I do not care for Brussels sprouts, but...
I really dislike Brussels sprouts, but I know how incredibly healthy they are for you. According to the website Healthline, a half cup of these miniature cabbages is rich in vitamin K, vitamin C, and omega-3 fatty acids. (If you want to learn more, the article is linked below).
Therefore, instead of writing them off as gross vegetables, I kept making them until I found something I liked. I bring you roasted Brussels sprouts with tahini dressing.
You'll love this recipe because it's...
30 minutes or less
quick and easy
actually a delicious way to eat Brussels sprouts
it has bacon...
Prep the Brussels sprouts with tahini dressing...
Start by washing, and prepping, about 4.5 cups of Brussels sprouts. You can use frozen, but I prefer fresh. Depending on the size, halve or quarter each of them; then, in a large bowl, toss with spices. Start with a tablespoon of olive oil and a large pinch of salt.
Next, sprinkle cinnamon, nutmeg, salt, and pepper, then cook for about thirty minutes at 450 degrees Fahrenheit. When it's done, it shouldn't be mushy, but you should be able to stab it with a fork.
Make the bacon and dressing...
While the Brussels sprouts are roasting, make the bacon and tahini dressing. I made the bacon on the stove, but you can do it in the oven if that is easier for you. After the bacon cools, crumble it
In the meantime, make the dressing.
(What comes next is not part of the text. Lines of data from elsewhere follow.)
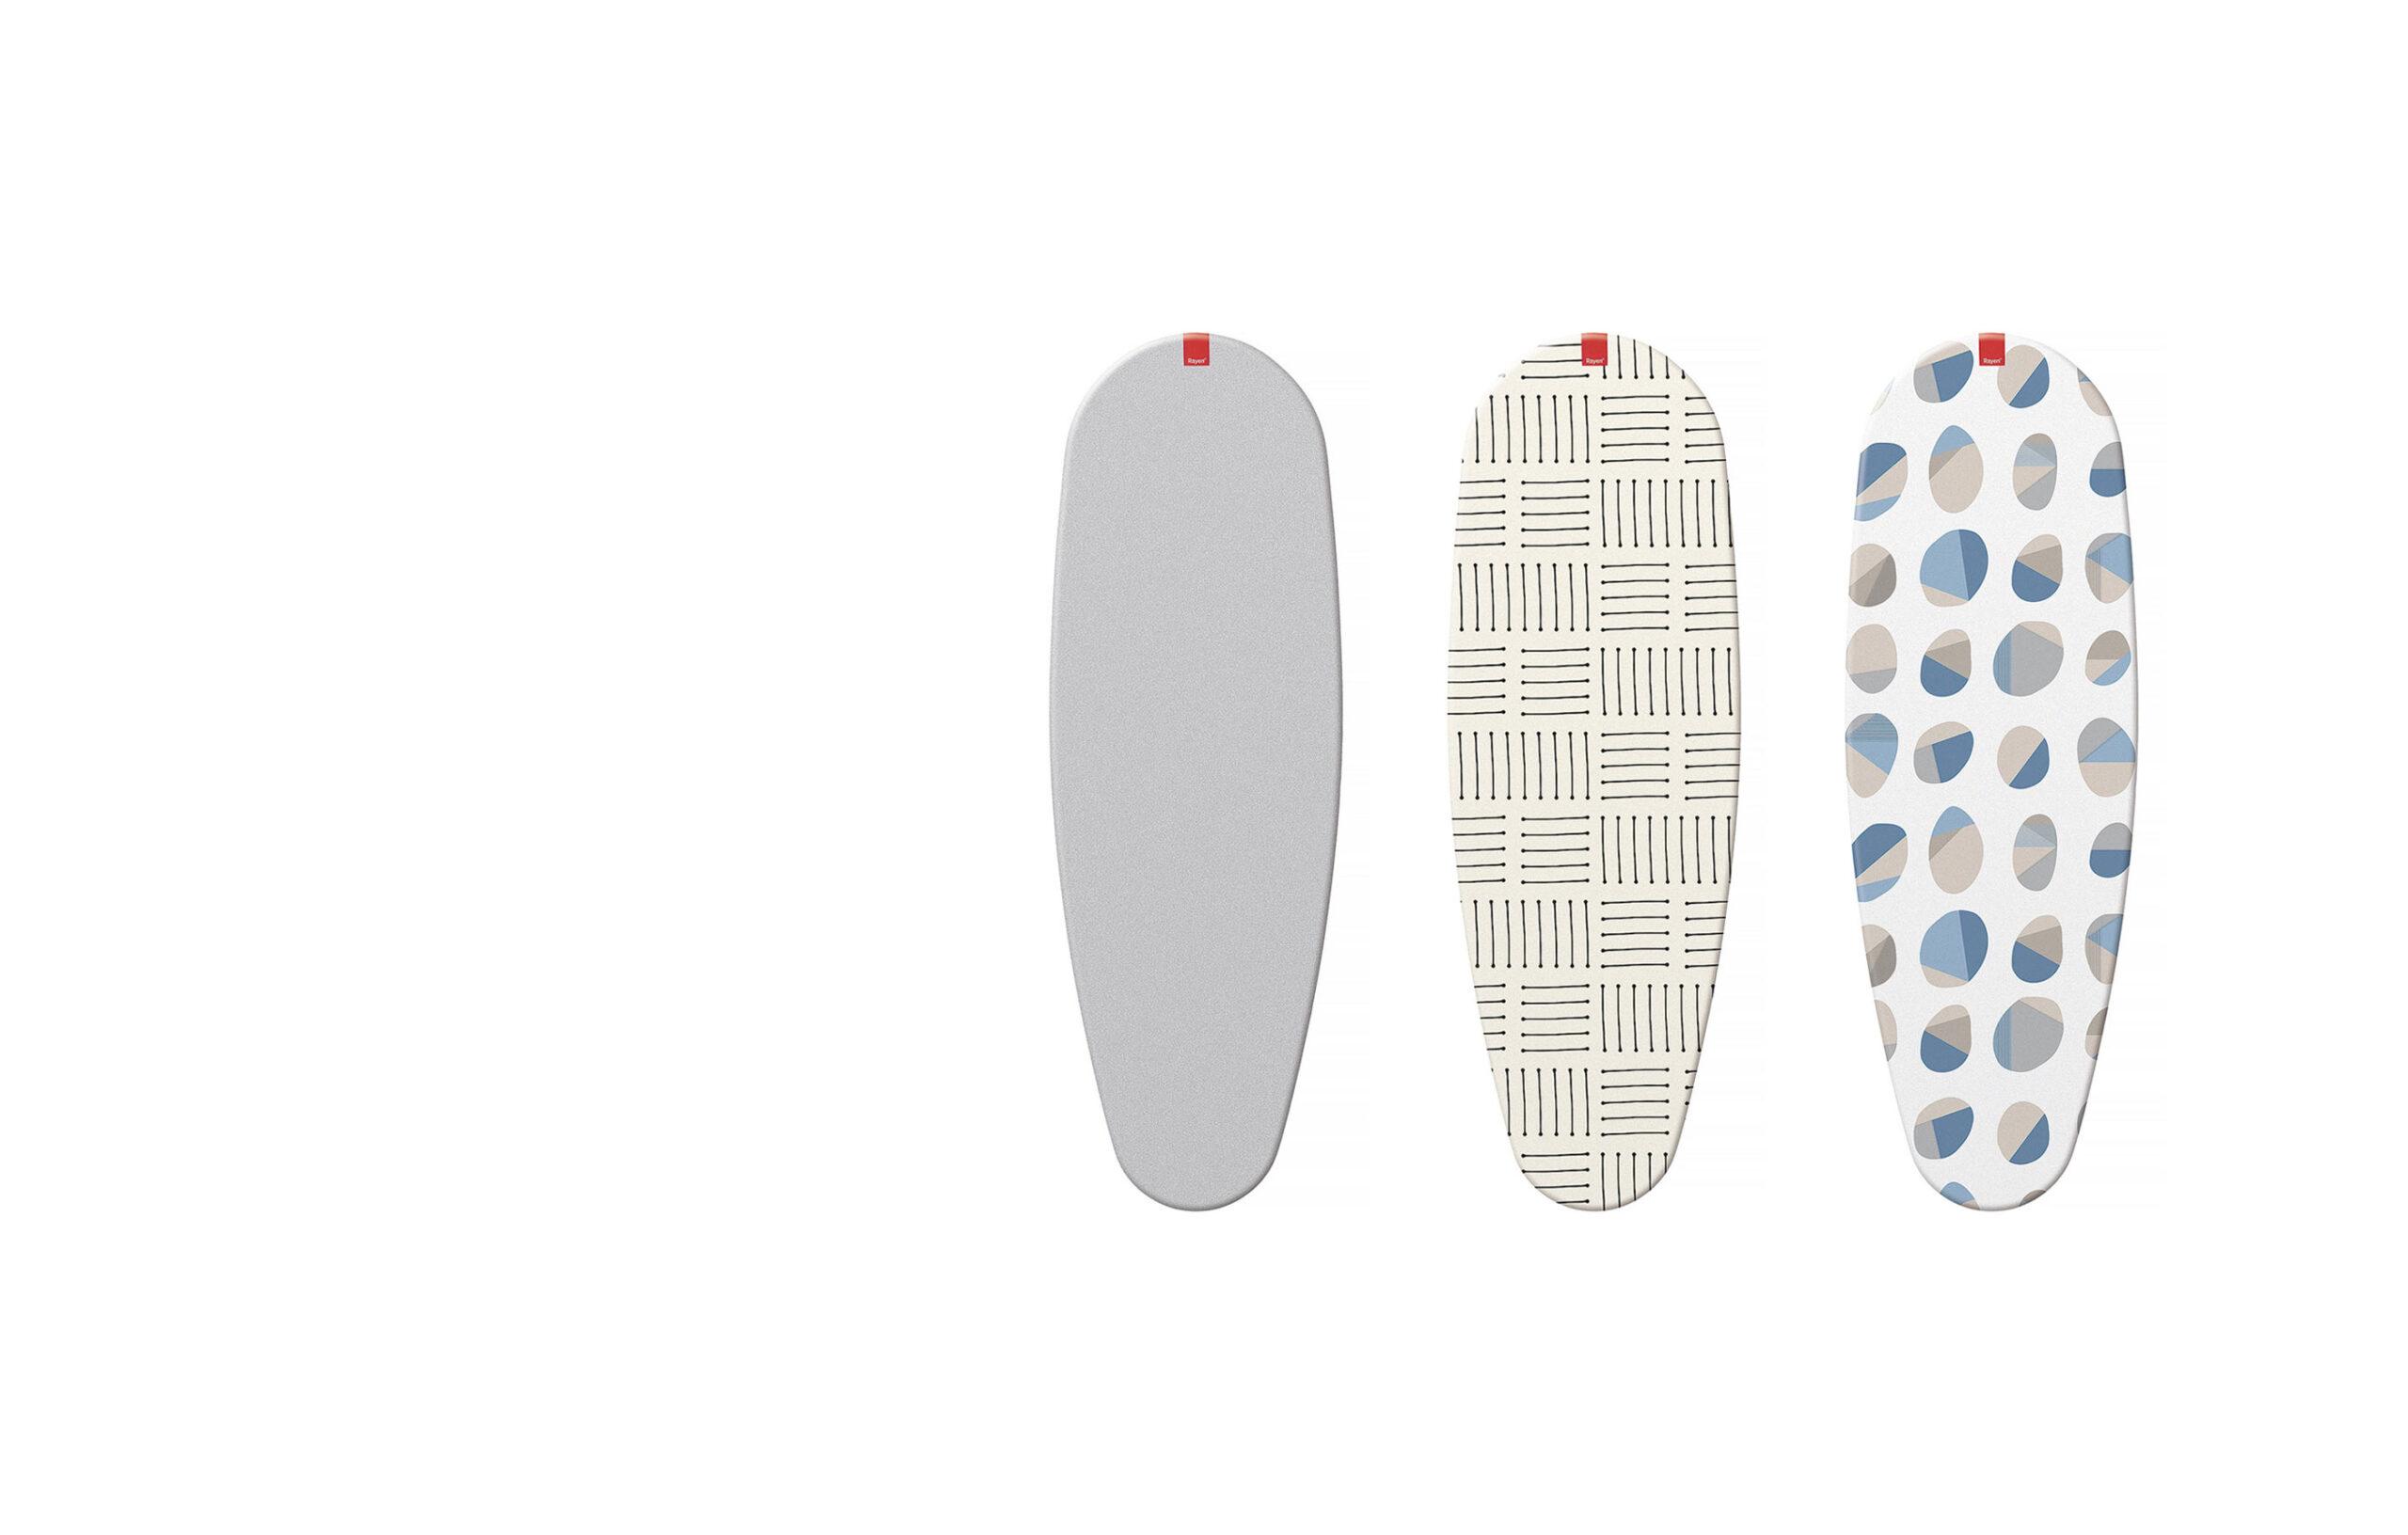 slider-fundas-1-scaled Rayen | Soluciones innovadoras para el hogar | Fundas para tabla de planchar con elástico 3 | Rayen.com
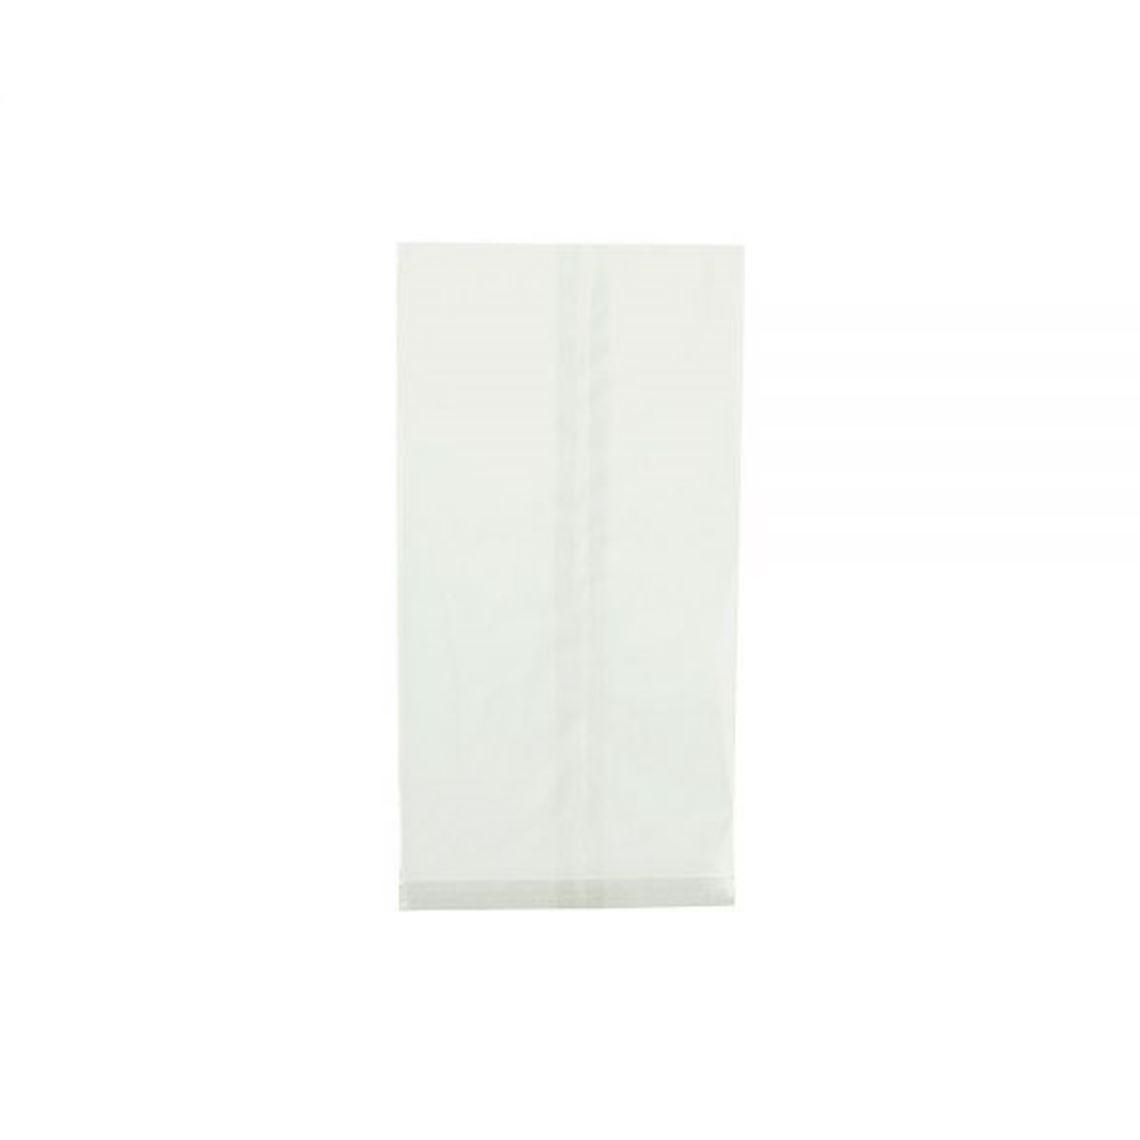 Zellglas-Flachbeutel 10 x 20 cm, transparent
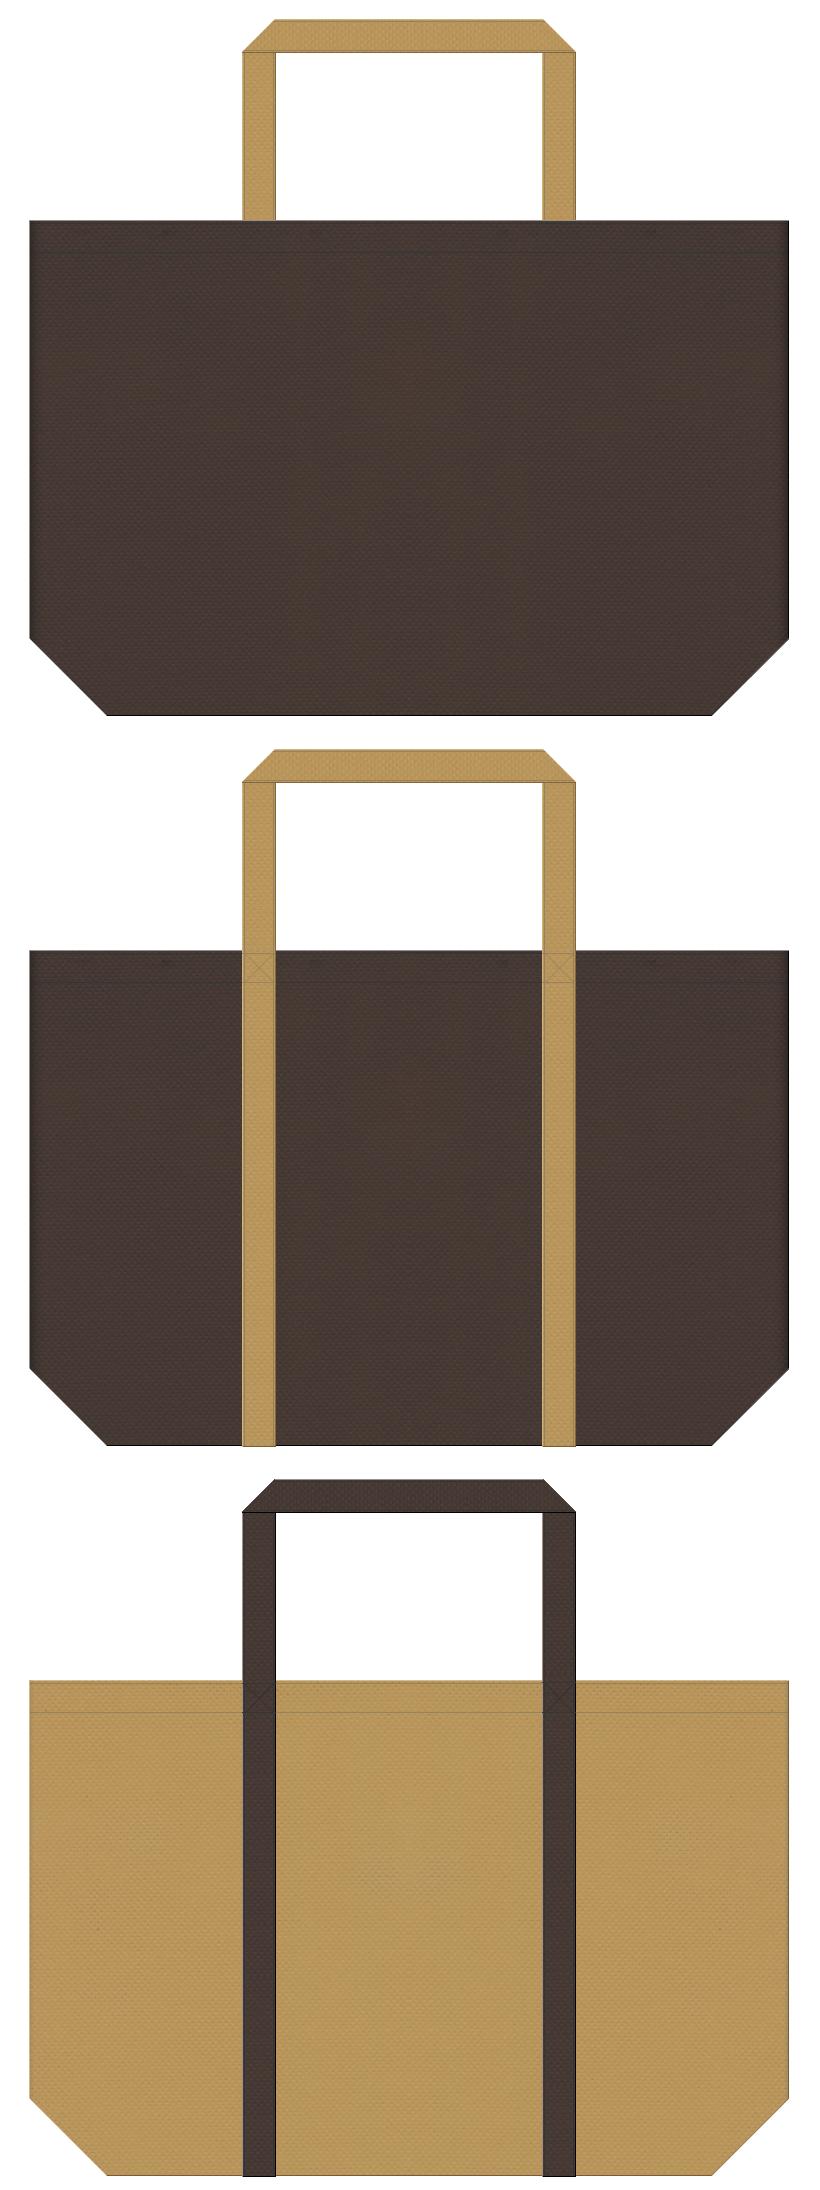 こげ茶色と金色系黄土色の不織布バッグデザイン。石釜パン風の配色で、ベーカリーショップにお奨めです。
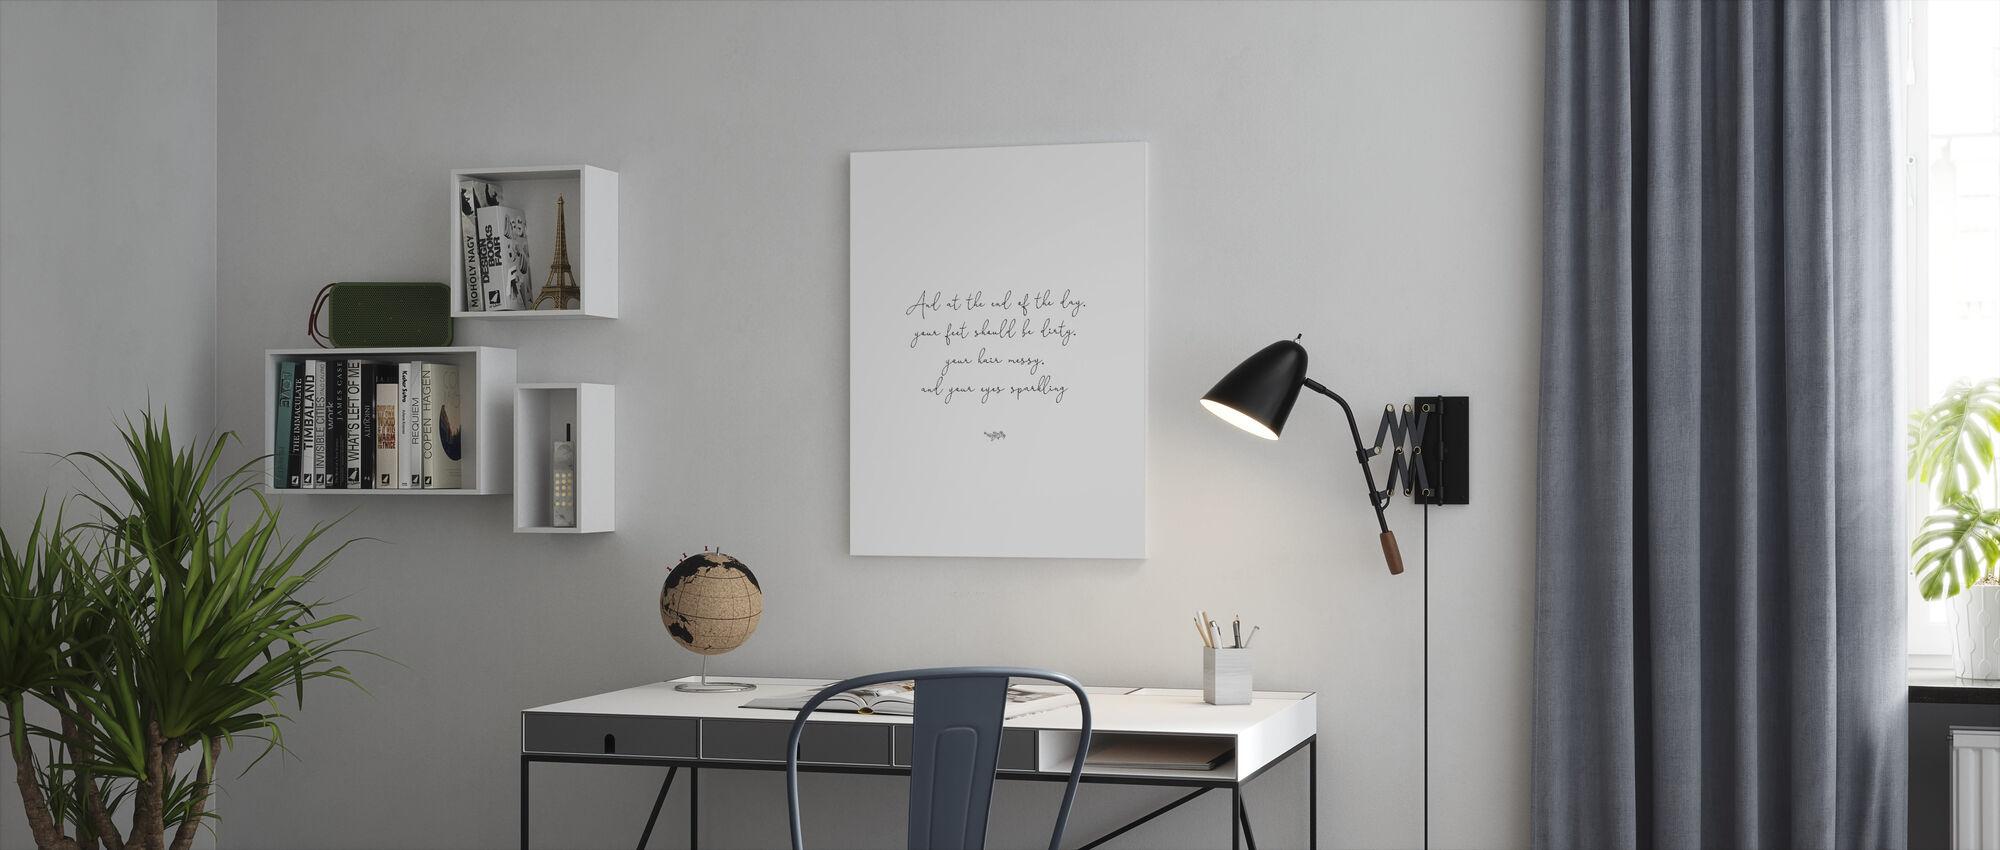 Vuile voetjes - Canvas print - Kantoor

When I make homemade dressings, I use a mason jar because shaking is much easier than whisking to combine. However, tahini can clump up, so you may have to break it down with a fork.
This dressing is very simple and goes with almost anything. Just throw all of the ingredients into the jar, and give it a shake. Make sure you taste this dressing first. If the tahini dressing is too bitter, add a teaspoon of maple syrup until it's sweet enough for you. Many times I have had to add more than two teaspoons of maple syrup.
Toss Brussels sprouts and bacon with half of the dressing, or until lightly coated. Add salt and pepper to taste. I decided to top mine with toasty squash seeds to add a little crunch, but walnuts would be good, too.
Boom, done. An actually delightful way to eat Brussels Sprouts. Make sure to serve it hot!
Here are some other recipe(s) I think you might enjoy…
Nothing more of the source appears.